What is the aim of the mechanism? Whilst the list of intended and unintended consequences from the Australian Domestic Gas Supply Mechanism (ADGSM) are potentially never ending, we do believe the most important factor to determine, as a starting point at least, is what it is actually trying to achieve. Is the mechanism just targeting supply and ambivalent to price? Or is the mechanism wanting to provide affordable gas to domestic users, with knock-on benefits for what this will do to short-run electricity prices? We aren’t policy makers and we aren’t in any sensible position to try and second guess policy makers. So we aren’t in any shape or form trying to assert the probability of either outcome happening.
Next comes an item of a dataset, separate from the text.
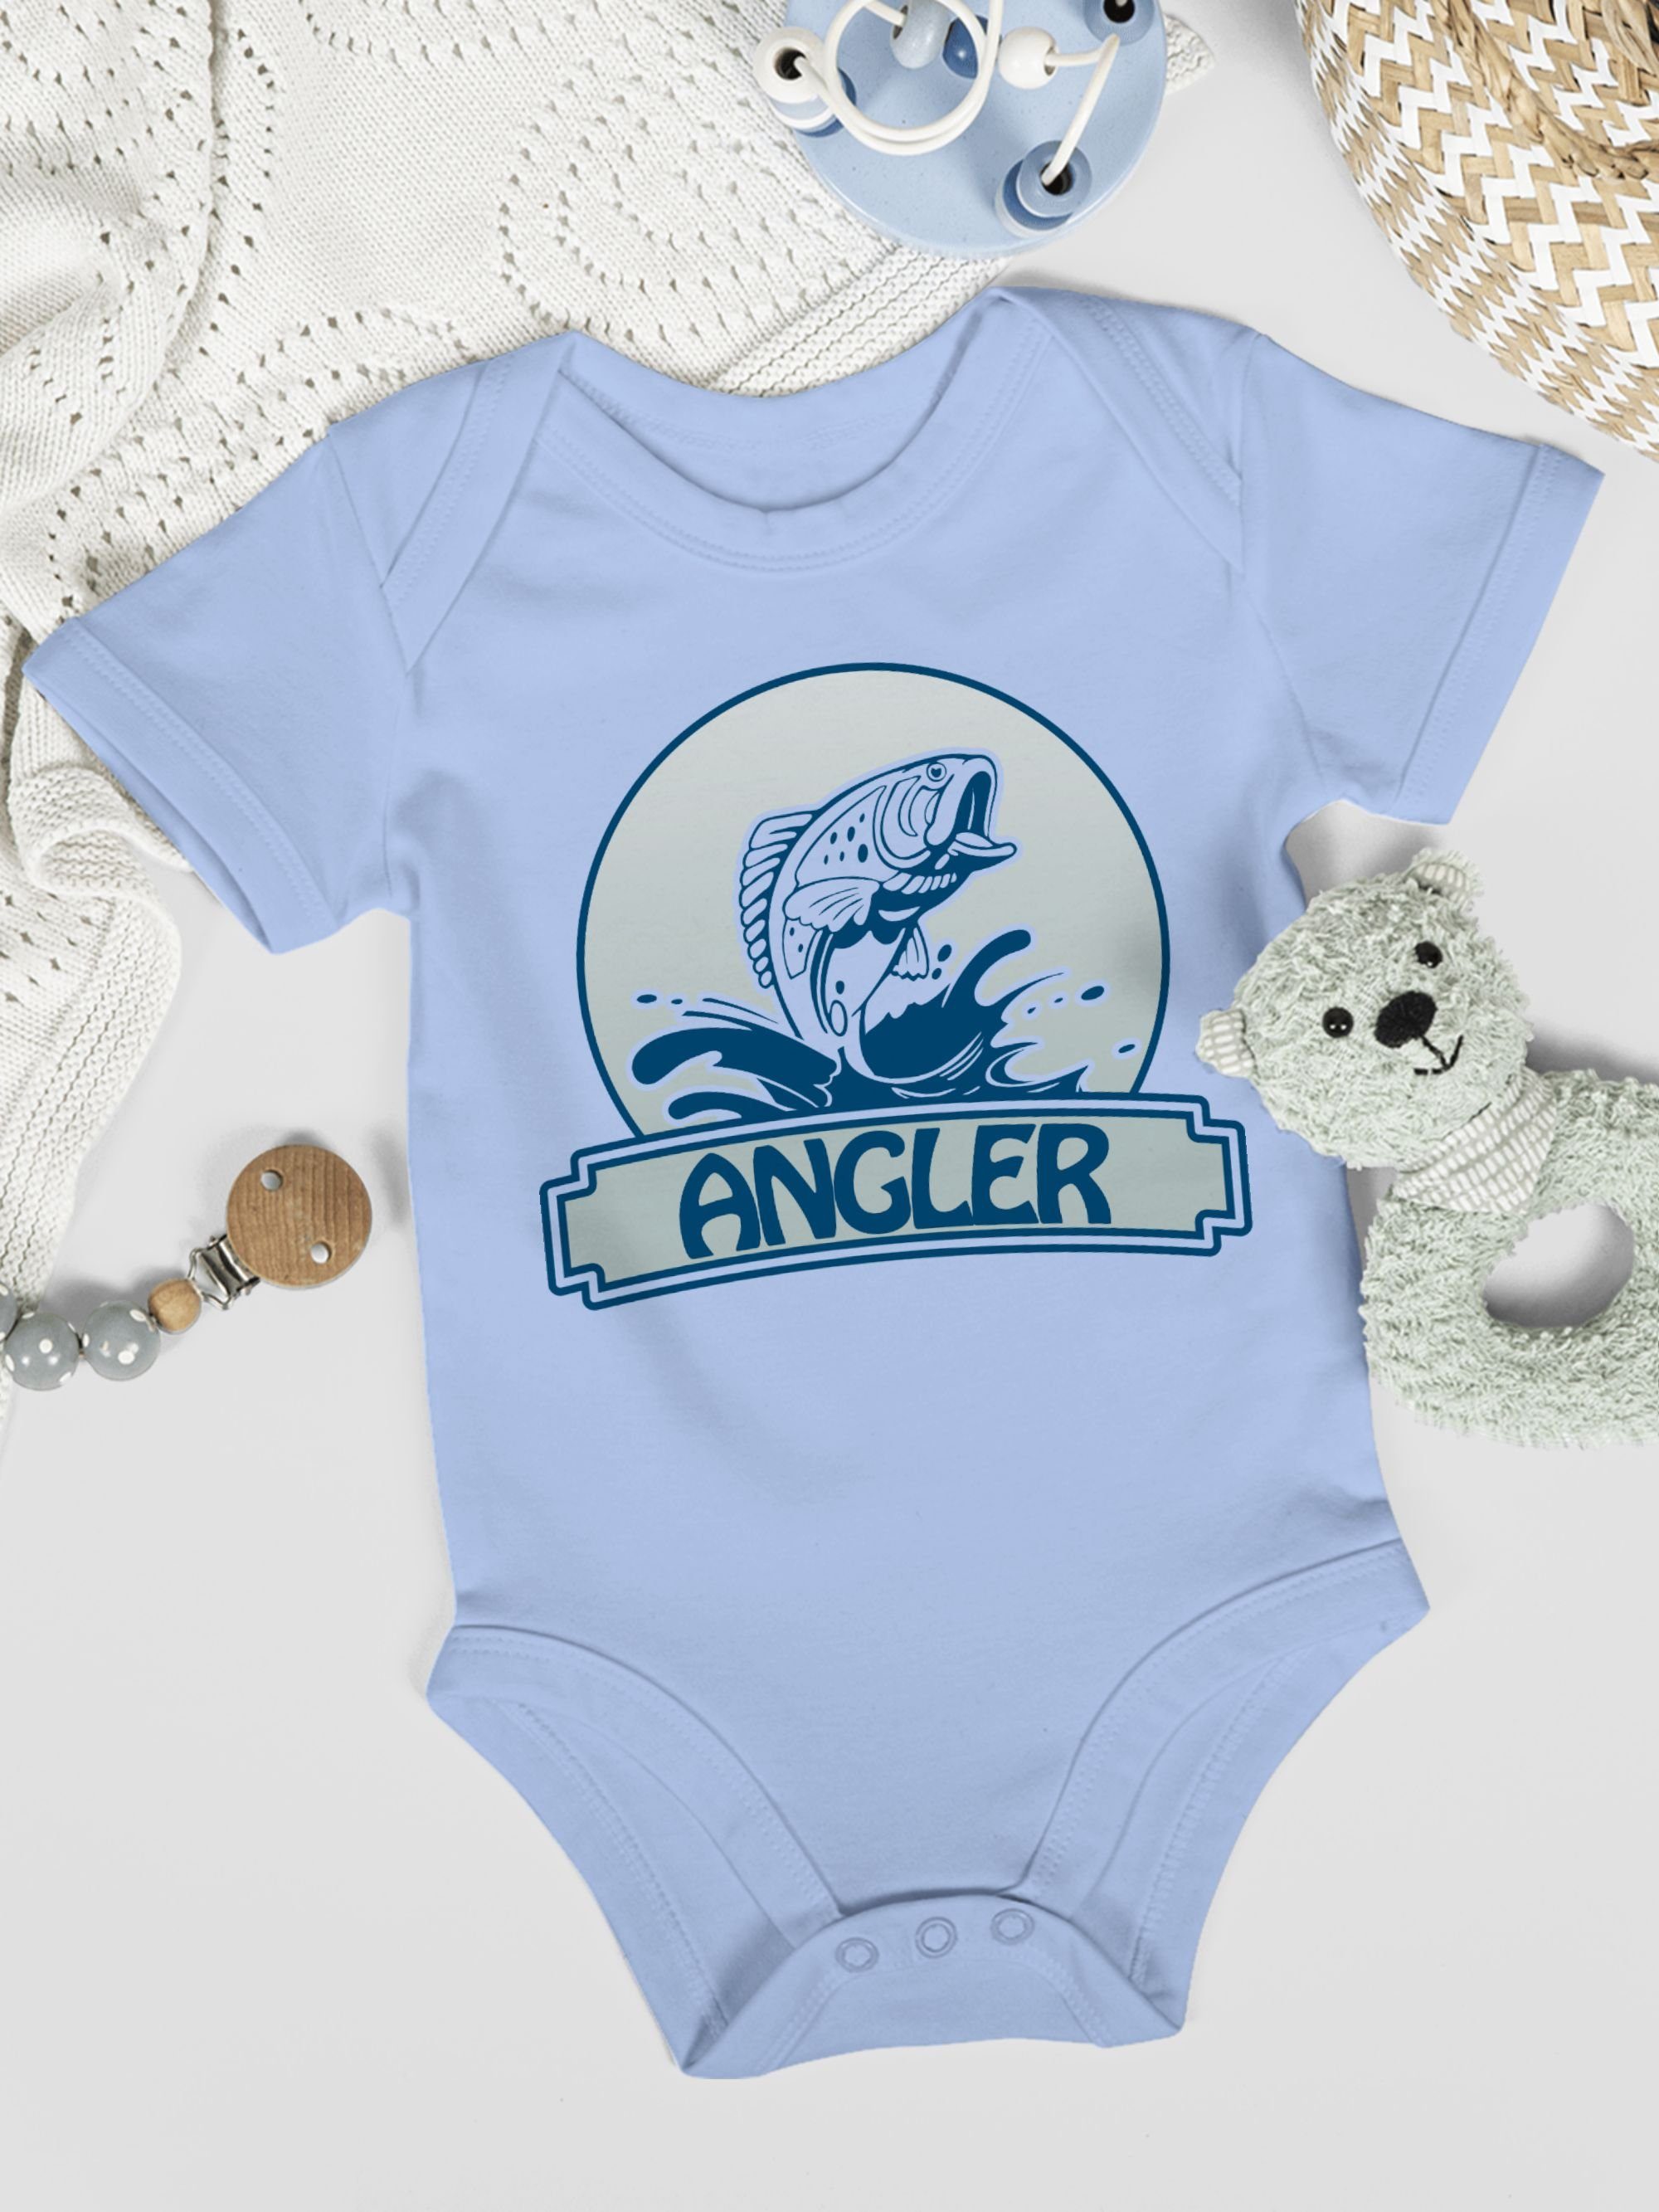 1 & Button Angler Sport Babyblau Shirtbody Shirtracer Bewegung Baby

However, given the gravity of the situation and outcomes, it feels worthwhile to bookend the potential outcomes and understand what it could mean for our stocks.

Key points

■ The first scenario is that the ADGSM simply targets supply—i.e., GLNG, in the current form of the ADGSM at least, has to make a given level of supply available and it chooses the price (one assumes export price parity—in this instance, contract LNG price minus cash liquefaction costs only).

■ Under this scenario, on our US$65/bbl oil deck and 70¢ A$/US$ in 2018, southern states would be paying >$14/GJ for gas. GLNG feels no financial impediment. In fact, perversely, given that GLNG has the highest price contract, in an ADGSM where contract export price parity is the price they have to sell at, GLNG delivers gas ~A$1/GJ (potentially higher at QCLNG) more expensive than the other projects. In this scenario, it is hard to see $14/GJ gas being palatable for large parts of industrial demand.
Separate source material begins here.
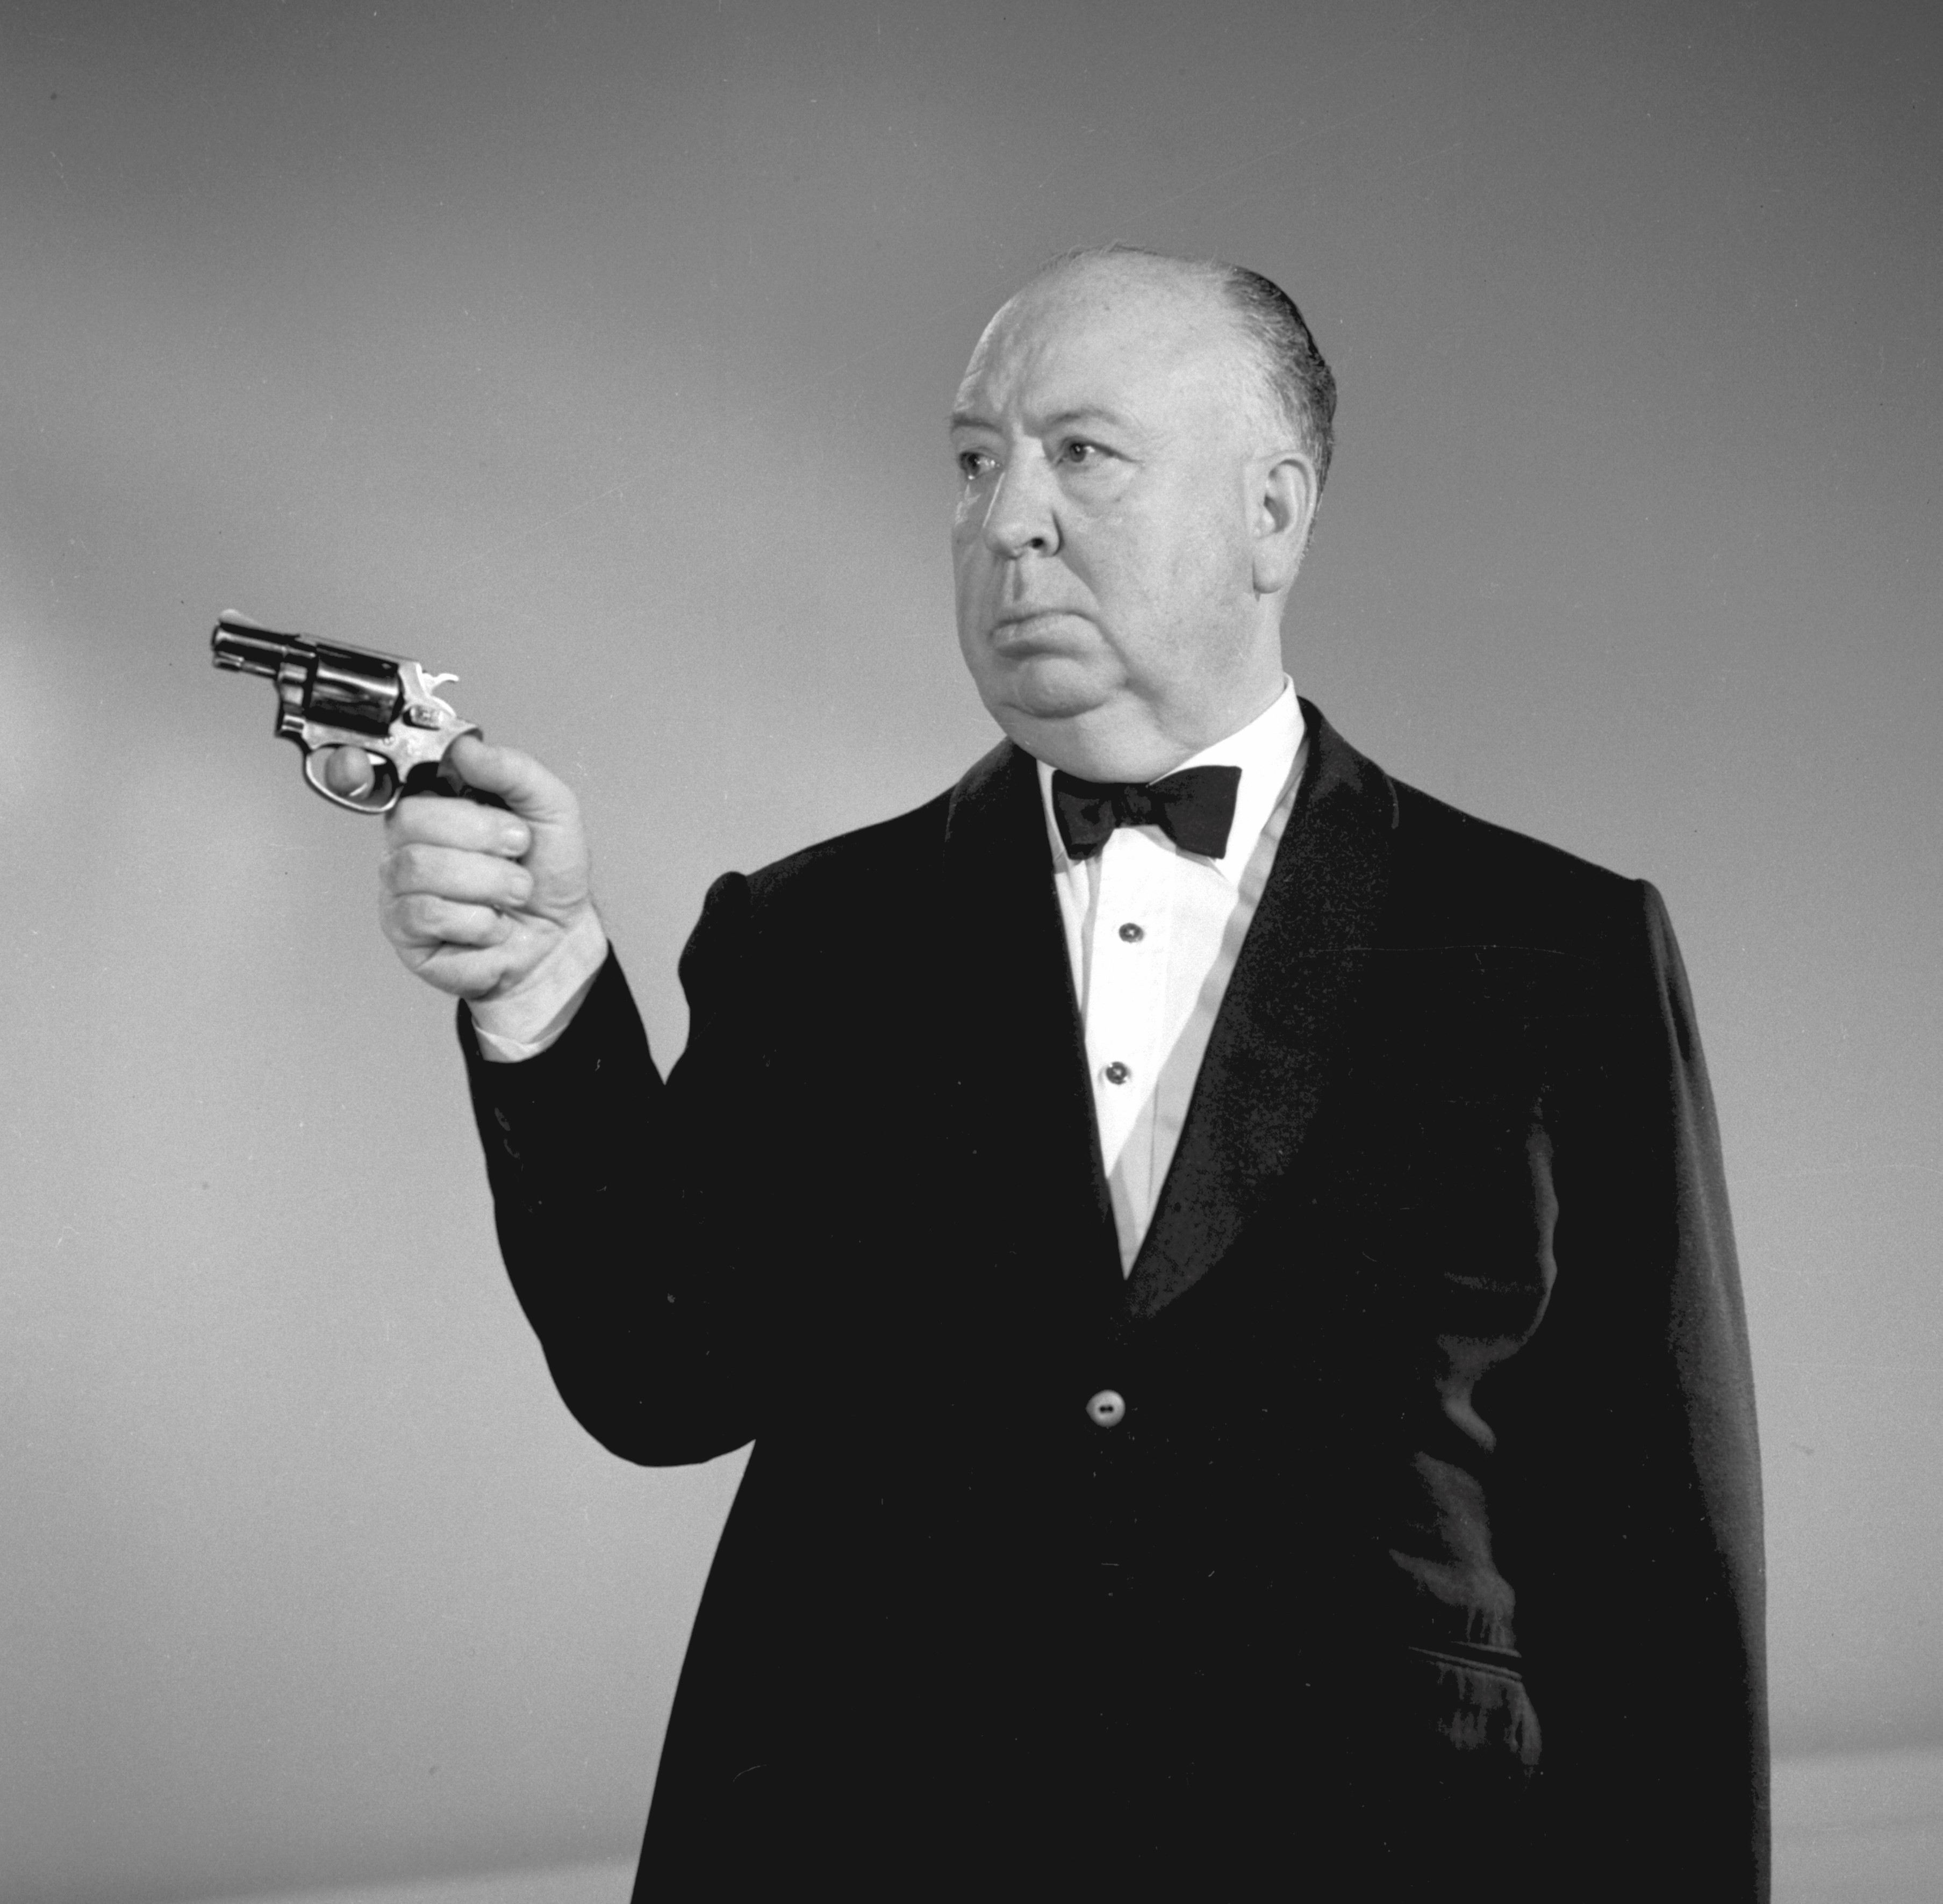 Alfred Hitchcock in a tuxedo holding a gun.

■ The second scenario is that the ADGSM decides to target affordable supply—i.e., the mechanism is used to deliver gas into the domestic market at an “affordable” price. Whilst this could be done with fixed pricing, it is probably politically more palatable to just mandate a volume that has to be cleared and let market forces set the price.

■ Logic would suggest that AEMO/ACCC will err on the side of caution when determining the shortfall—i.e., it is far safer to overestimate the shortfall than underestimate it. In an oversupplied market, obviously prices will clear significantly lower. Where, in theory at least, there is a level of stabilisation to this is that a price will be hit where big industrials/retailers see prices down to where they would exercise take or pay on their existing contracts and substitute in. This should set a $6-7/GJ floor.
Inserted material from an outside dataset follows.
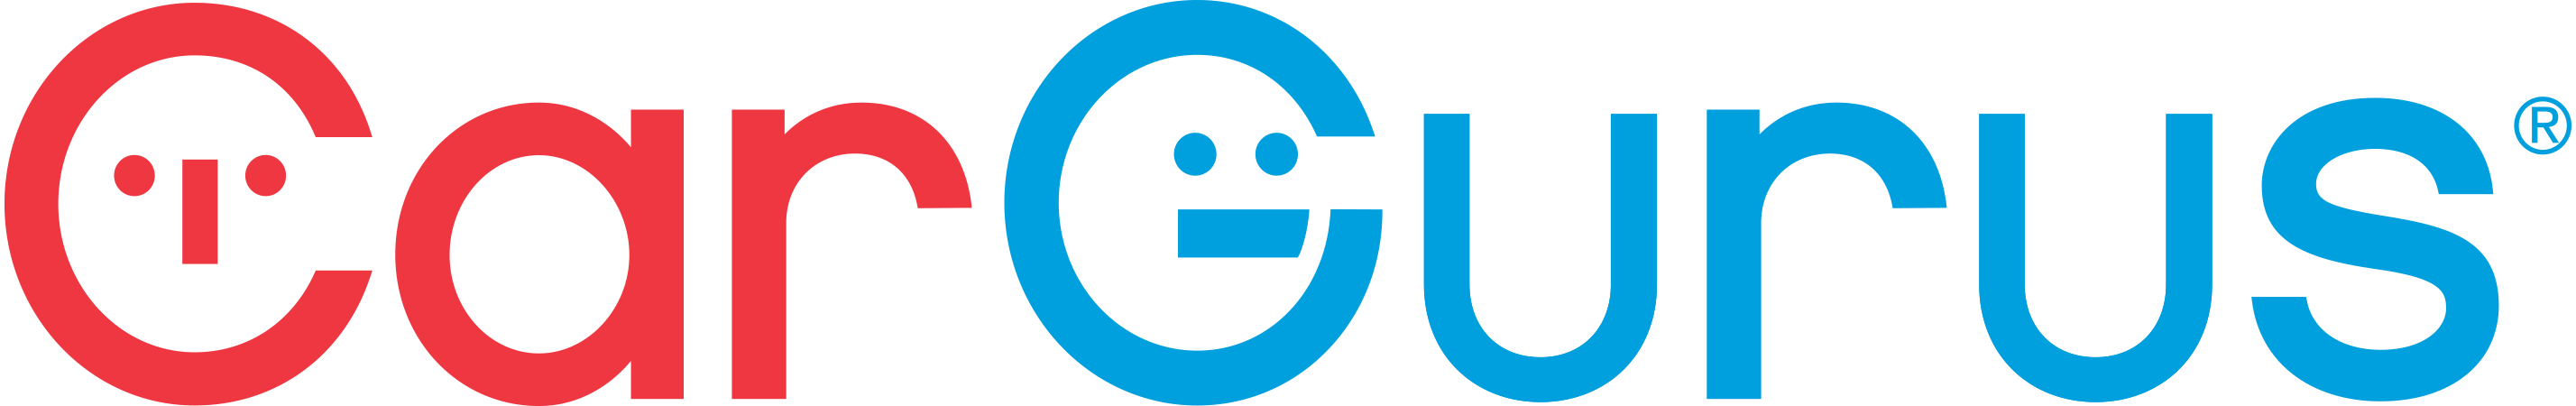 CG logo.png

■ With gas ever more becoming the price setter for wholesale electricity prices, this scenario that targets prices should clearly see some material downward pressure on electricity prices. We believe that every A$1/GJ off the gas price should lead to A$10/MWh off the electricity price initially with the impact tapering as wind/solar penetration increases to 2020.

■ Whilst we do not want to drift into the politics of policy, it is of course worth noting the competing political challenges of scenario 2. Creating a lower gas price delivers huge financial benefits to large parts of the economy (including households, who of course vote) in the shape of lower gas and electricity prices. Conversely, enforcing GLNG (or others) to sell at below contract prices enforces material sovereign risk. Of course lower gas prices, along with the intervention in the market, clearly risks suitable incentives being provided to bring the much-needed future supply to market too.

■ In terms of the financial impact, for the upstream stocks scenario 1 sees theoretically no impact, whilst scenario 2 sees a material one. If GLNG is the one to shoulder the pain then vs our 2018 modelled assumptions it could lose ~A$5-6.GJ. Our best guess (which will be wrong) sees the shortage at ~50PJa in 2018, rising closer to 150PJa soon after. This could be a ~A$300mn/yr, rising to ~A$900mn/yr, problem.

■ For Utilities AGL and Origin Energy, the impact of Scenario 2 could be substantial, either through earnings and valuation, or via the observed increase in correlation of both share prices to movements in the forward curve. In the scenario modelling below, we estimate 11% of FY19 EBITDA is at risk for both Origin and AGL and 8% and 5% of the DCF value of each, respectively.

■ There is of course an option that the ADGSM is a tool that is never supposed to be used, with the threat of it sufficient to force actions to be taken by the LNG proponents. You could write an encyclopaedia on the game theory behaviour of the various parties, but we did write over two years ago on the prospect of unitising Curtis Island (Islands in the dream?)—where we were wrong there is in thinking PetroChina could take the 6th Train.

■ If contracted volumes could be permanently removed (remembering the buyers really don’t want the gas), 6 Trains could become 5 and you permanently reduce demand and bring the market back into balance.

Just what is the ADGSM trying to achieve?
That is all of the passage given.